Русская литература и крестьянский вопрос. №4

Только духовное преображение могло образовать новую цивилизованную
нацию. Многое должно было обновиться в России, потому что
формы её национальной жизни с какого-то момента истории
сдерживали развитие её же творческих сил. Но вместо обретения всей
нацией творческой свободы, происходили преобразования, что
принуждали двигаться вперёд, не допуская к свободе — а Россия
с каждой попыткой обновления погружалась в безвременье, в
котором единственной творческой силой оказывалась культура.
Она намечала формы новой русской цивилизации, вбирая в себя
все направления мысли, предвосхищая будущие события и
восполняя собой историю. Однако ничто так не отчуждало народ как
она сама, разделяя Россию на тех, чьи мысли и чувства получали
всю полноту выражения — и тех, кто обязан был сливаться с
массой себе подобных, хоть тоже мыслил и чувствовал.
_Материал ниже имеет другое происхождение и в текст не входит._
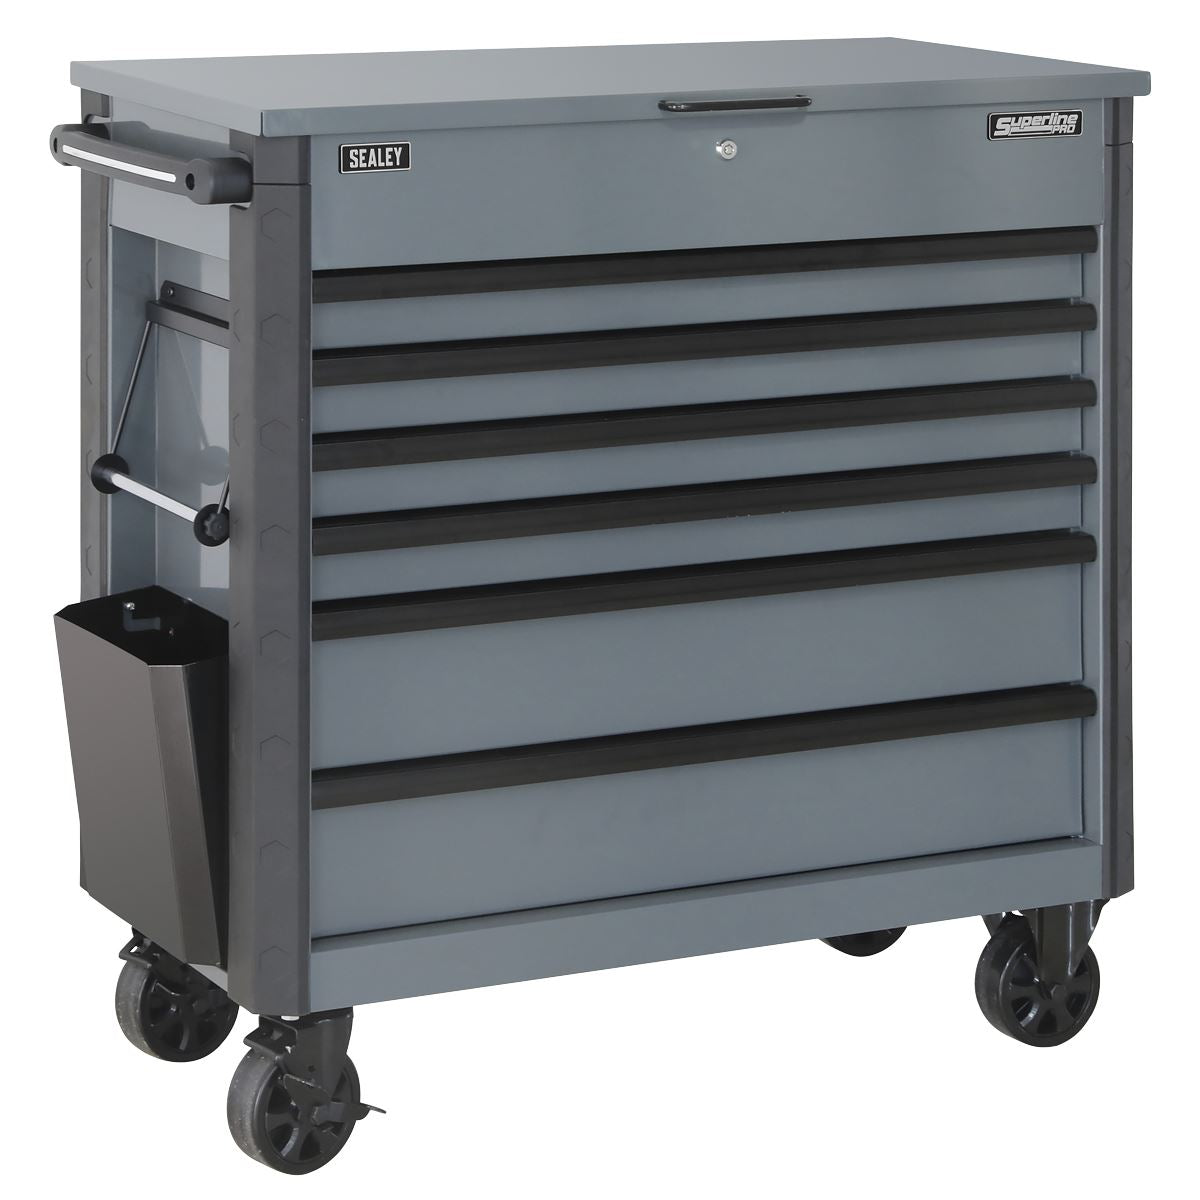 Sealey Superline Pro Tool Trolley 6 Drawer with Ball Bearing Slides - Grey
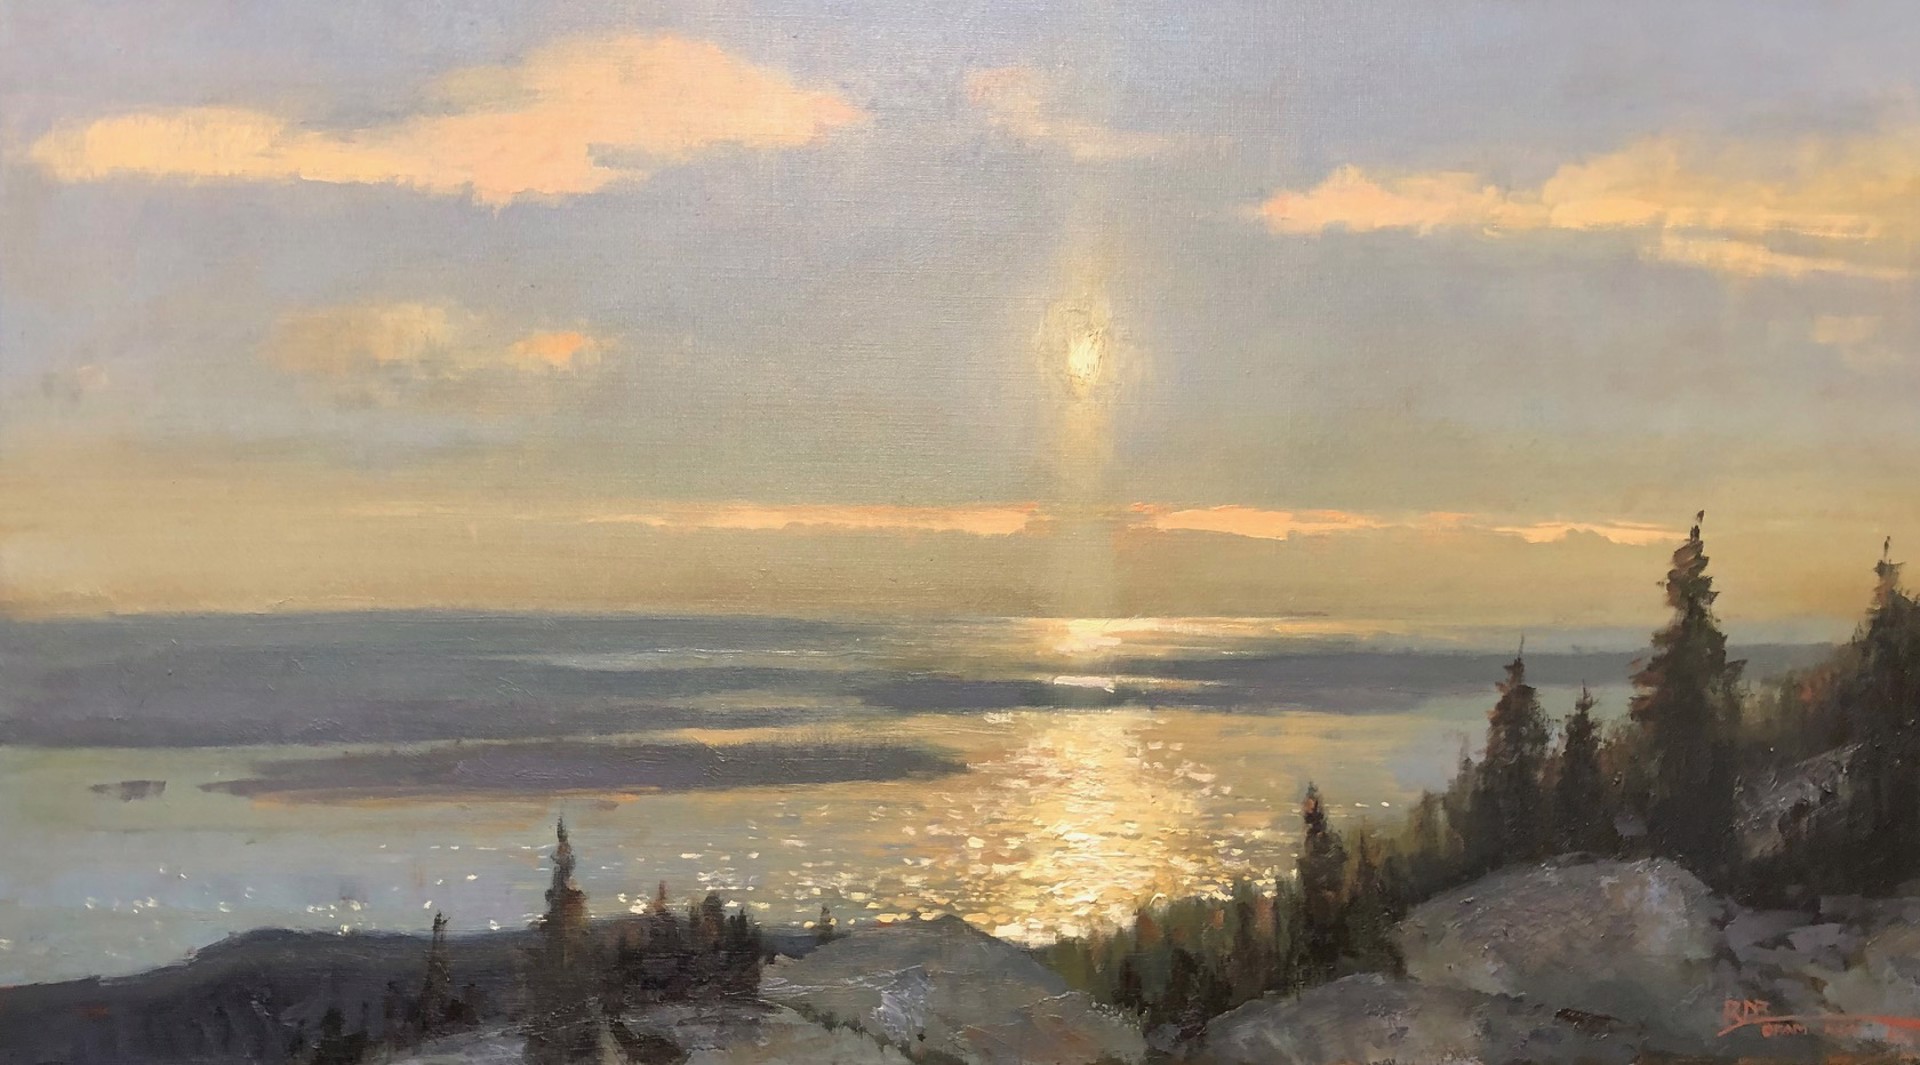 Sunset at Cadillac Mountain by Roger Dale Brown, OPAM, AISM, ASMA, ARCLM

Должно было пройти долгое время и проделано огромное взаимное
духовное усилие, чтобы народное проникло в культуру, а созданное
культурой — в душу народа. Но степень сближения с народом
становится эстетической величиной — а, значит, заданием для
искусства. Национальный дух отнимается у русской культуры и
возвращается в виде понятия
н а р о д н о с т и. Пушкин писал с иронией: «С
некоторых пор вошло у нас в обыкновение говорить о народности,
требовать народности, жаловаться на отсутствие
народности»... Говорят, требуют, жалуются, надо полагать, её теоретики.
Это они, сами не будучи художниками, решают, каким должно
быть искусство. Миф об искусстве в лаптях рождается, когда
заявляет о себе эстетическая критика: или, сказать иначе, когда
интеллигенция в своём порыве «понять душу народную»
сознательно противопоставила «художественное» и «народное»;
например, в поэзии — форму народных песен романтической лирике, то
есть Никитина и Кольцова — Полонскому, Фету, Тютчеву. Так,
уже в пушкинскую эпоху появляется «крестьянская поэзия»,
которую Белинский представляет как грязь, ставшую золотом, когда
пишет о Кольцове: «Не для фразы, не для красивого словца,
не воображением, не мечтою, а душою, сердцем, кровью поэт
любит русскую природу и все хорошее и прекрасное, что, как
зародыш, как возможность, живет в натуре русского селянина. Он
носил в себе все элементы русского духа, любил крестьянский
быт, не украшая и не поэтизируя его, и поэзию этого быта он
нашел в этом самом быте, а не в риторике, в пиитике. И потому
в его песни вошли и лапти, и рваные кафтаны, и
всклокоченные бороды, и старые онучи — и вся эта грязь превратилась у
него в чистое золото поэзии».

Но там, где вожди эстетической критики провозглашали и пестовали
близость искусства с народом, не было ни поэтической традиции,
ни культурной почвы. Кафтаны, онучи, бороды — это почва?
Cказки пушкинские, напетые крестьянской нянькой, мещанская
лирика Кольцова, гражданская Некрасова, в которой природный
барин заговорил вдруг голосом мужика — это традиция? Традиция,
которую создавали крестьянские поэты — песенная поэзия, то
есть условная по своей форме сентиментальная лирика, которая
превращается в балладу или романс. Крестьянских поэтов в этой
традиции выделяло, напротив, стремление к красоте. В
русском языке они пробудили лирическую силу, ставшую раздольной и
могучей музыкой — но не они вдохнули её в поэзию. Этой новой
красотой и как бы романтизмом они преобразили русскую
народную песню. Она стала поэтической, свободной, то есть, самой
собой, далеко уходя от той былинно-сказовой старины, которой
подражали в XVIII-XIX веке учёные стихотворцы. Это песни,
которые поются потом уж в России как народные. Безымянность,
успокоение стихийного в стихии же народа — вот итог, но ведь
не литературный, за которым могло бы что-то следовать.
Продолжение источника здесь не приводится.